* **INSTRUCTIONS TO FOLLOW**
Return the data below unchanged. Drop any pictures.

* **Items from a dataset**

■ ■ ■ ■ ■

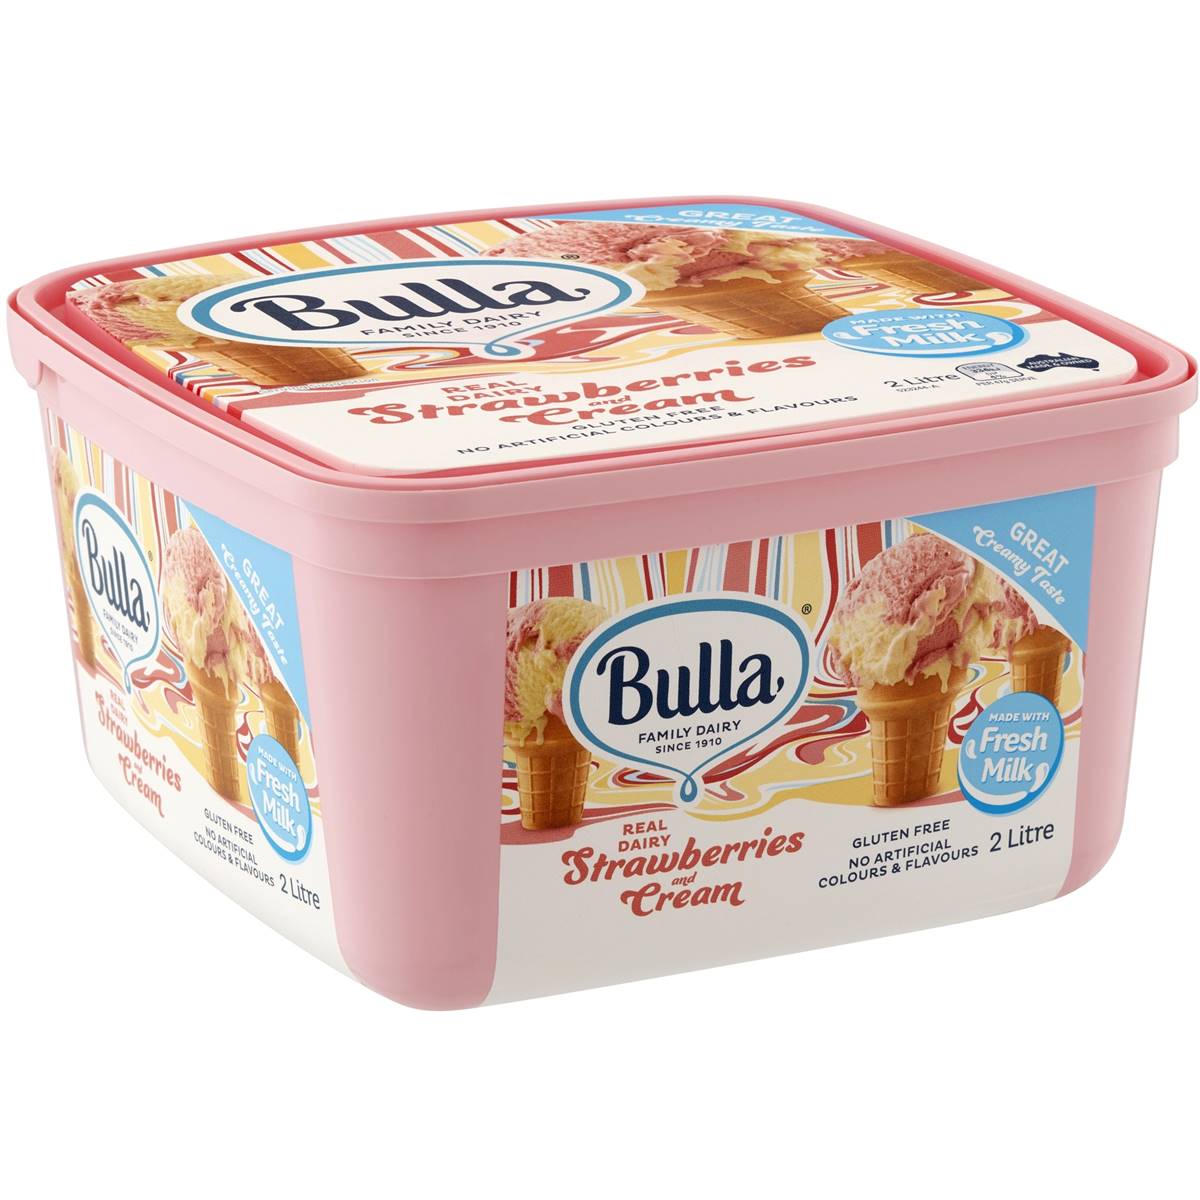 Bulla Ice Cream Strawberry & Cream
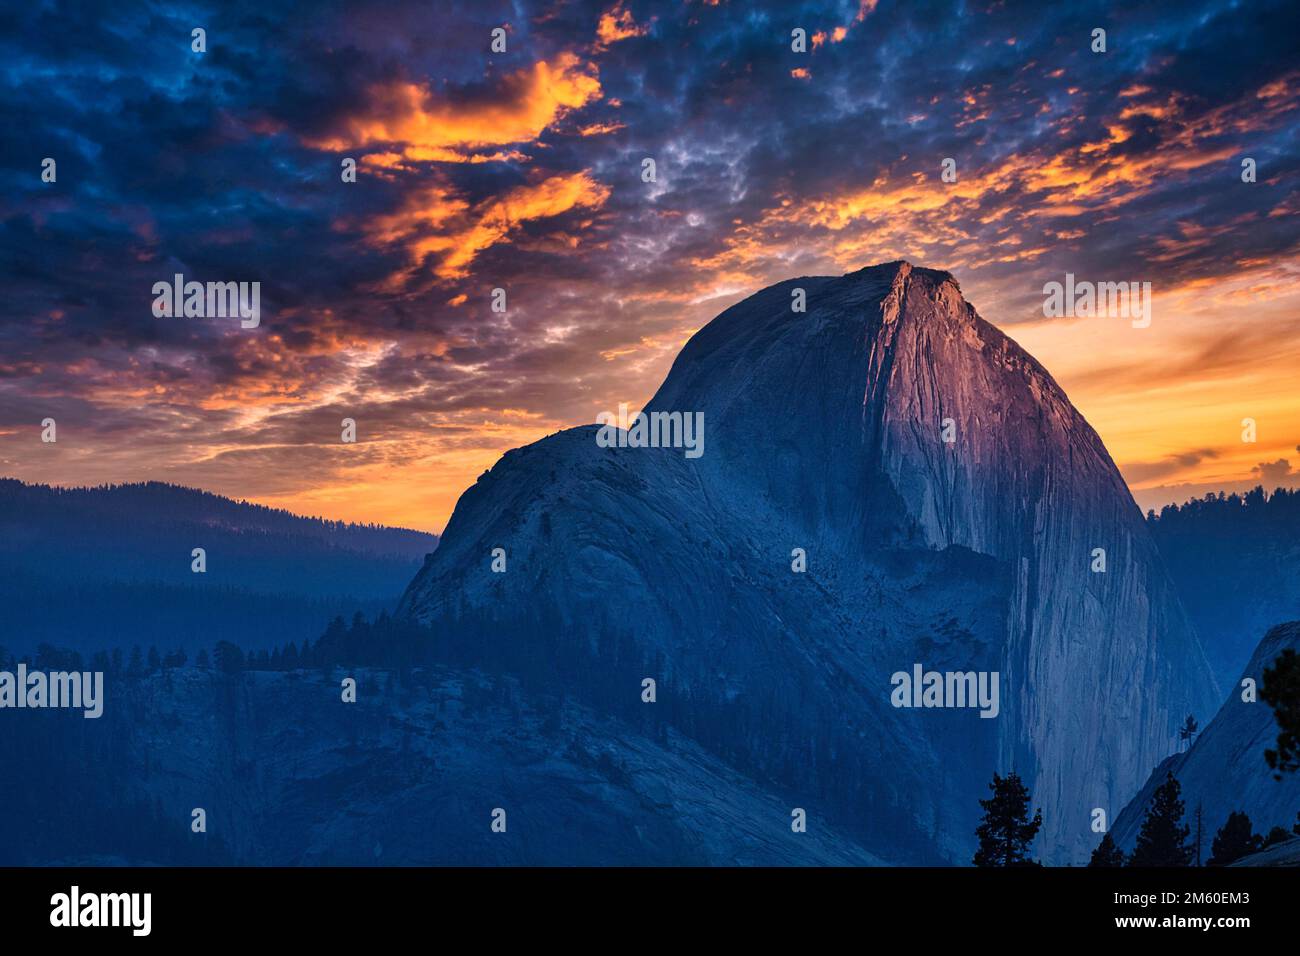 Demi-dôme, montagne en granit, formes rondes, sommet au coucher du soleil, ciel nocturne spectaculaire, Yosemite Valley, Californie, États-Unis Banque D'Images
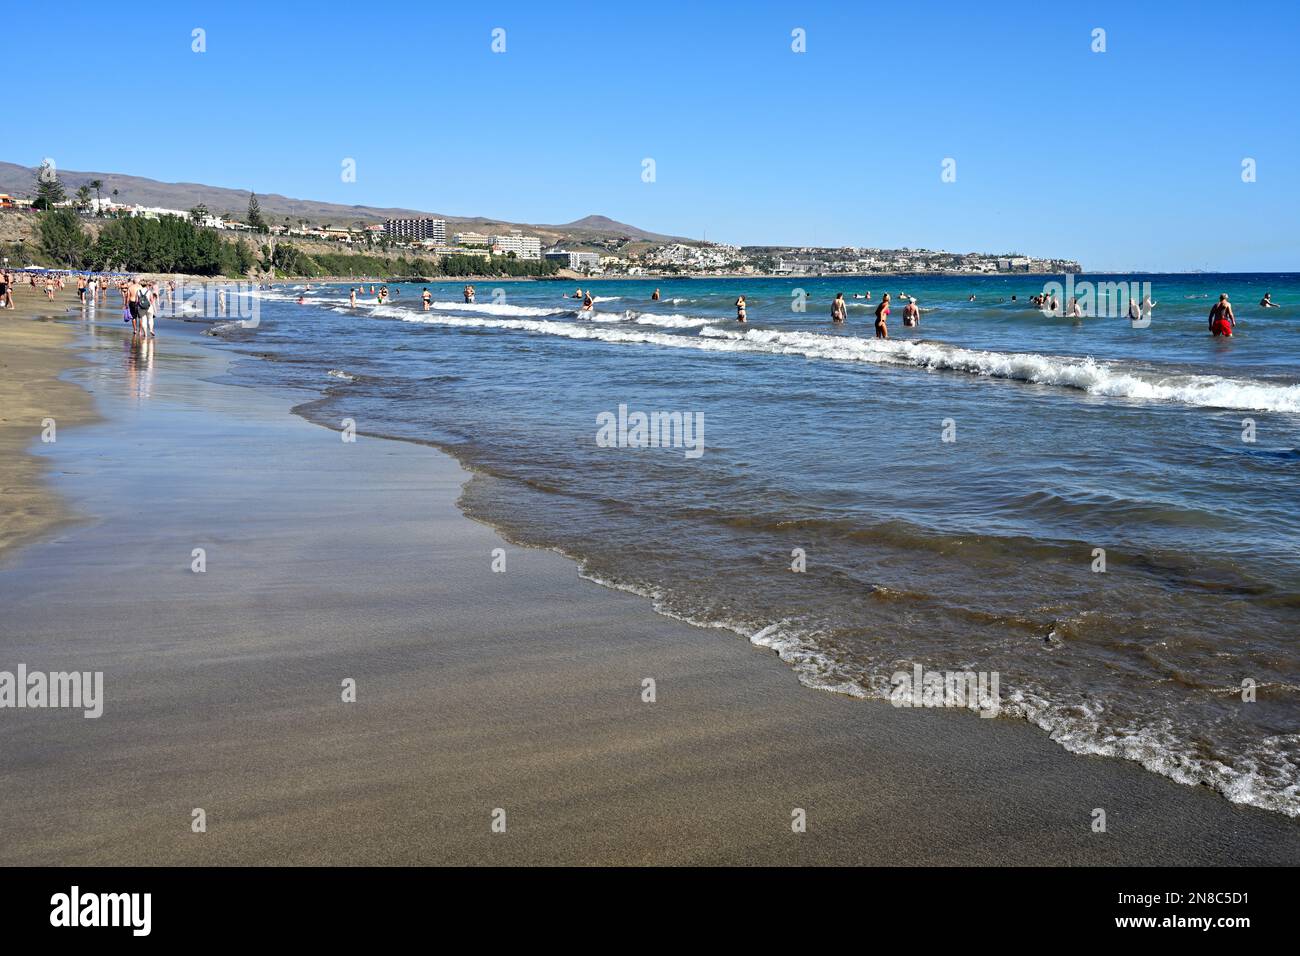 Am Sandstrand Playa del Inglés mit Menschen im Meer, Maspalomas, grenzt das Wasser an Stockfoto
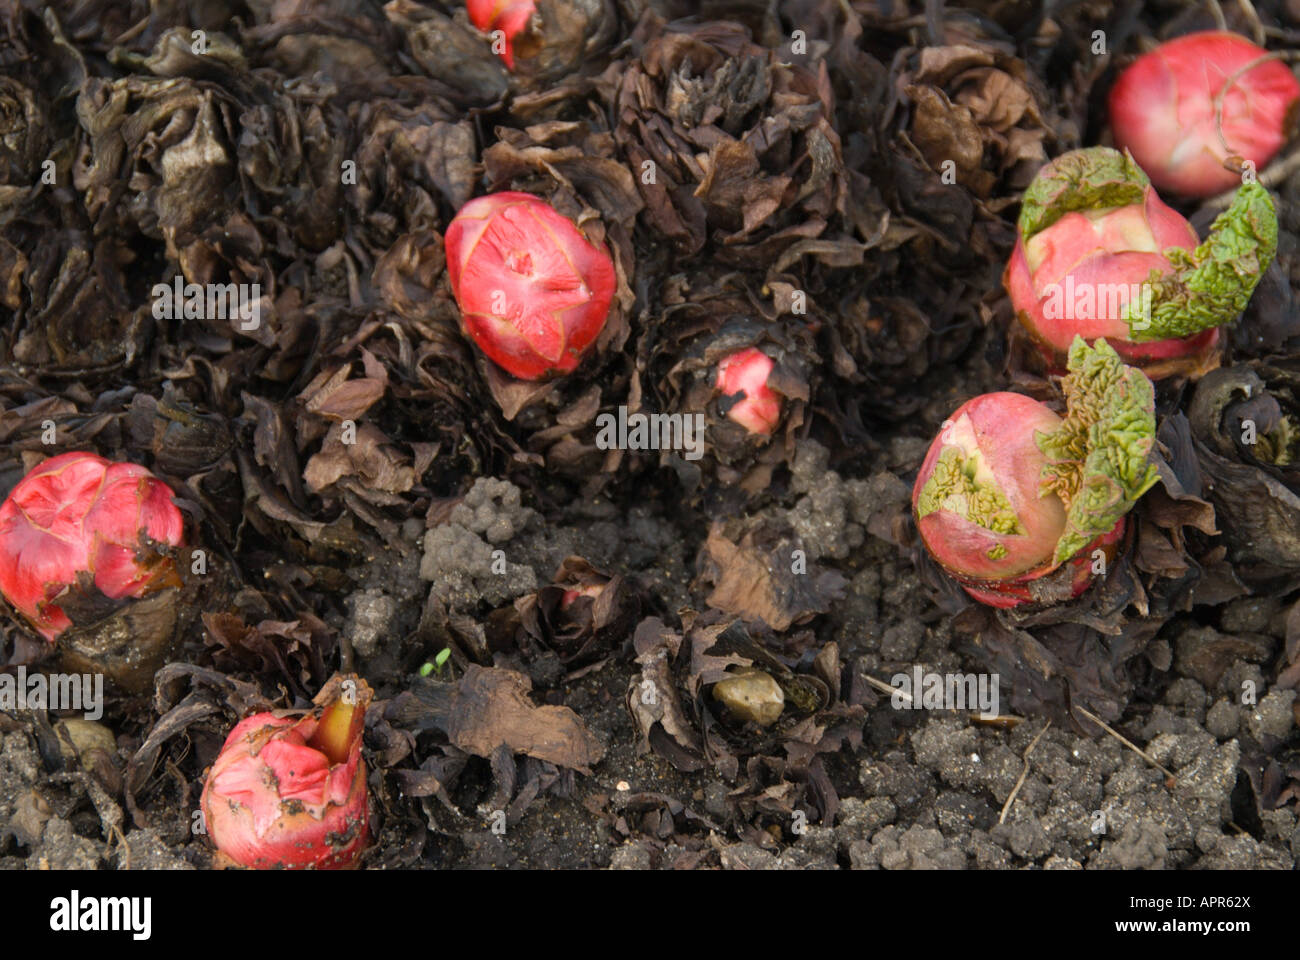 Rhabarber Rosenkohl rot mit neuen grünen Blättern auf einem organischen Schrebergarten. Stockfoto
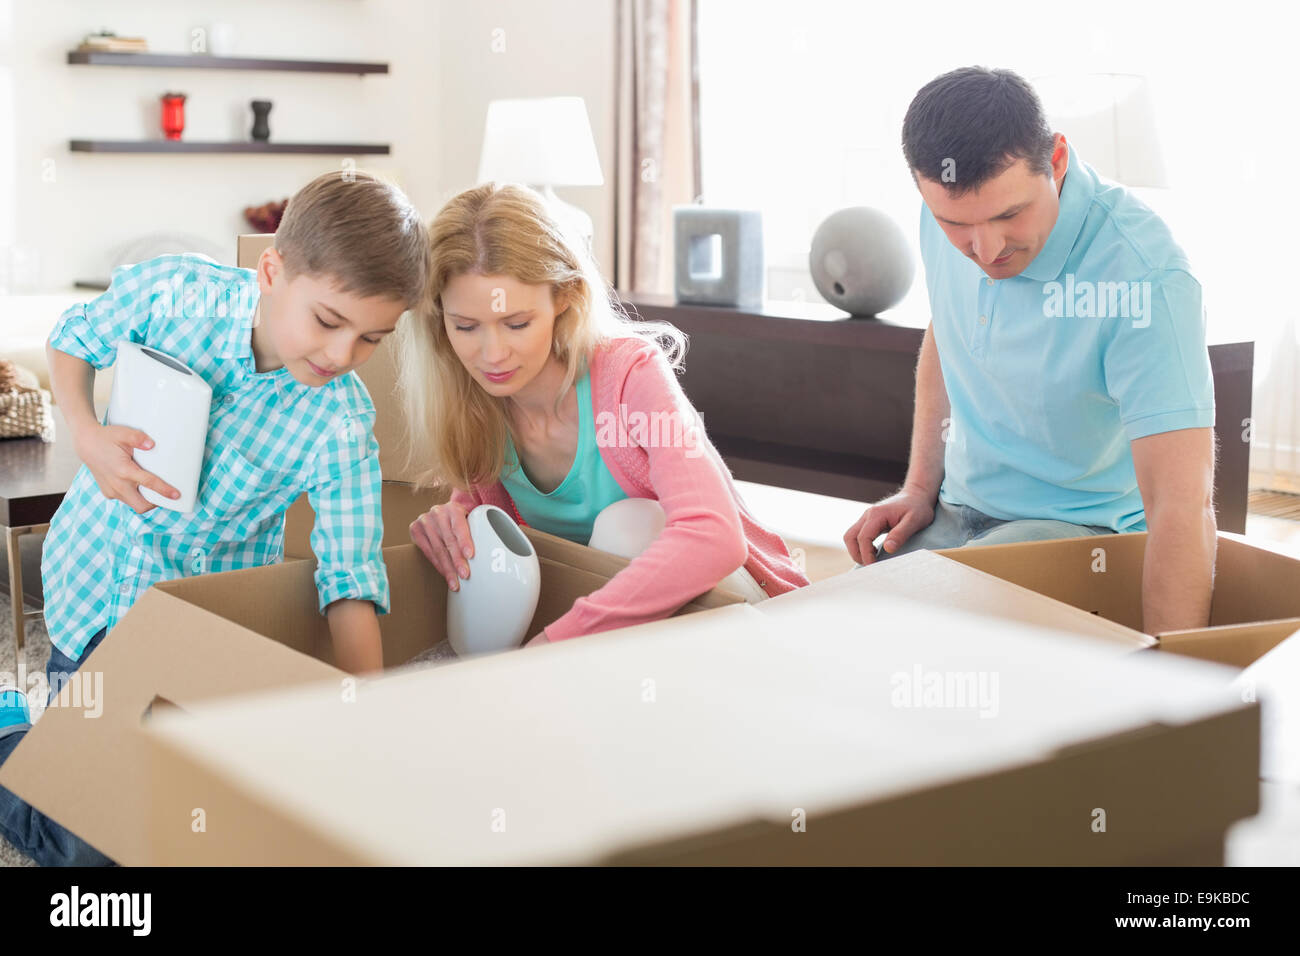 Disimballaggio della famiglia di scatole di cartone in casa nuova Foto Stock

■ ■ ■ ■ ■

* **SOLUTION TO THE EXERCISE**
 Bulla Ice Cream Strawberry & Cream
 Demi-dôme, montagne en granit, formes rondes, sommet au coucher du soleil, ciel nocturne spectaculaire, Yosemite Valley, Californie, États-Unis Banque D'Images
 Am Sandstrand Playa del Inglés mit Menschen im Meer, Maspalomas, grenzt das Wasser an Stockfoto
 Rhabarber Rosenkohl rot mit neuen grünen Blättern auf einem organischen Schrebergarten. Stockfoto
 Disimballaggio della famiglia di scatole di cartone in casa nuova Foto Stock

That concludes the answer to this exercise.